New drinking game! Draw a card. If it's black take a shot.
I call it the Ferguson
There's a new drinking game...
You draw a random card from a deck & if it's black you take a shot....
We call it "Ferguson"
The drinking age in Alabama has changed to 25
Lawmakers warrant this by saying it is meant to keep alcohol out of high school
Why should you never go drinking if you wear a monocle?
Because then you'd be a barnacle.
You can explore drinkin comin reddit one liners, including funnies and gags. Read them and you will understand what jokes are funny? Those of you who have teens can tell them clean drinkin havin dad jokes. There are also drinkin puns for kids, 5 year olds, boys and girls.
Sometimes when I go out drinking...
...and hit on girls, they call me ugly. That is, until I tell them how much money I make. Then they call me ugly and poor.
(original joke that a friend just came up with)
DRINKING BUDDIES
Two men are sitting next to each other in an Irish-style pub in New York City and both order pints of Guinness. One of them turns to the other and asks, "So where are you from?"
"I'm from Ireland."
"Me too! I'll drink to that."
They both finish their pints and order two more.

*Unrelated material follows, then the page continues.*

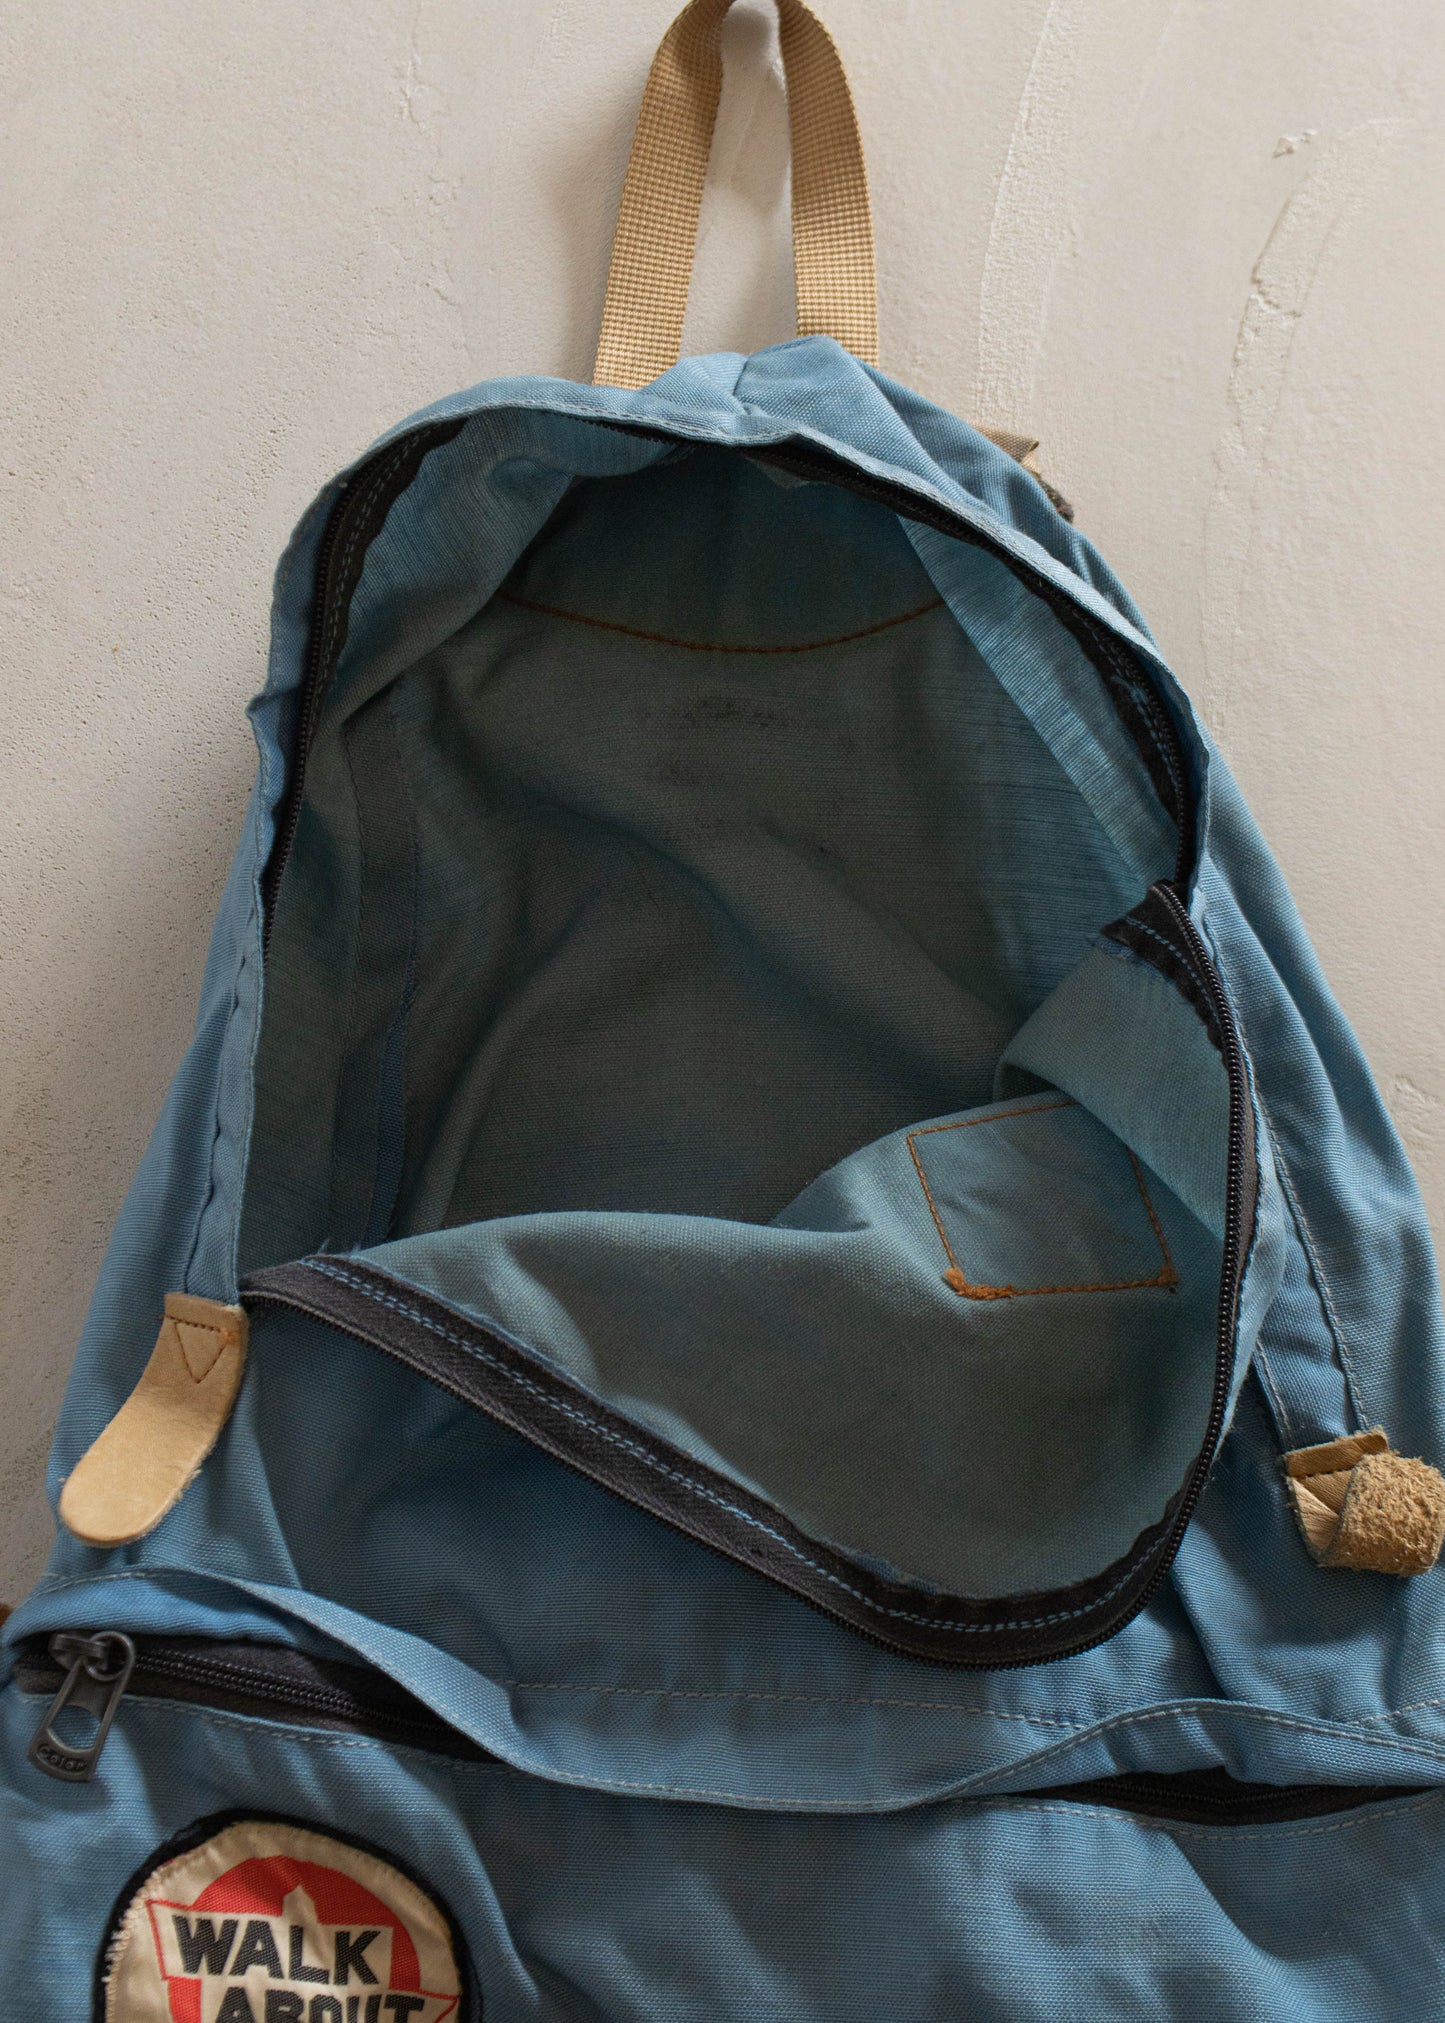 1980s Walkabout Backpack

"Where in Ireland are you from?"
"Dublin."
"Me too! I'll drink to that."
They both finish their pints and order two more.
"Where in Dublin are you from?"
"The East Side."
"The East Side? Me too! What a coincidence! I'll drink to that!"
They both finish their pints and order two more.
"Where on the East Side are you from?"
"McDonagh Street."
"Me too! This is incredible! I'll drink to that."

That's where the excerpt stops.